Сначала скажу несколько слов о Гаянэ Михайловне Тавризян как человеке и коллеге. Для нее самыми главными «держалками» личности в непредсказуемом потоке жизни были человеческое достоинство, благородство натуры, артистизм, скромность и высокое чувство долга. Халтуры она не терпела. Любила людей ярких и талантливых, творческих. Высоко ценила дружеское общение и умела дружить. Когда я с ней познакомился, то мое первое впечатление подсказывало мне, что в ней присутствует необыкновенно высокая, и по количеству и по качеству, компонента женского начала личности, как я это определял. То, что из интеллектуального далека легко было расценить как мелочи бытовой жизни, таковым для Гаянэ Михайловны вовсе не было, если это касалось ее родных или близких, всех тех, кто ей был дорог. При обыкновенном разговоре с ней эмоции и вместе с ними то, что можно было бы назвать безудержной разговорчивостью, казалось, зашкаливали. Ее жизненные впечатления никак не могли окончить свое наматывание на слово, грозящее уйти в бесконечность, но отнюдь не дурную, ибо и при своем видимом обилии и даже преизбытке слов речь Гаянэ оказывалась точной, конкретной, окрашенной теплом ее доброго, светлого сердца, которое, полагаю, и было самым главным в ней как человеке. Доброжелательность, отзывчивость, внимание к другому были естественными качествами ее души.
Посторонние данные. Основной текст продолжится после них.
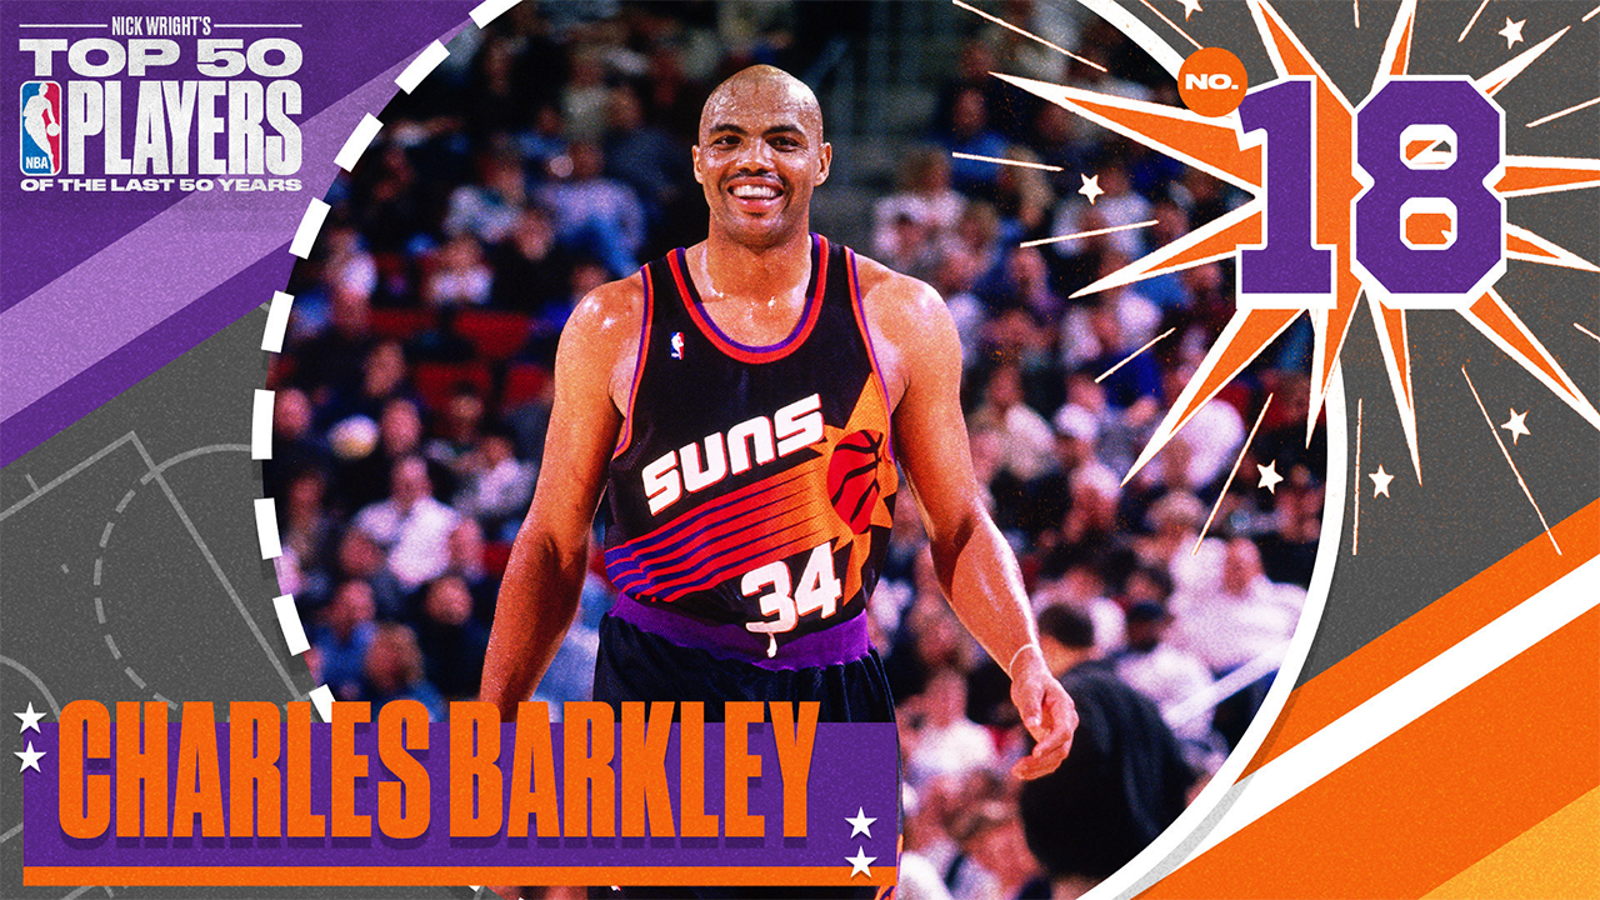 Charles Barkley is No. 18 on Nick Wright's Top 50 NBA Players of the Last 50 Years

Но в своих научно-философских работах Гаянэ Тавризян, напротив, была мужественным автором, умеющим, где надо, держать язык за зубами и твердым нажимом пера упорядочить изложение темы, подчинив его строгой логике, скрепляющей единство воплощаемого замысла. Я сказал неслучайно о «нажиме пера», потому что она, насколько я знаю, не пользовалась в своей работе ни пишущей машинкой, ни компьютером.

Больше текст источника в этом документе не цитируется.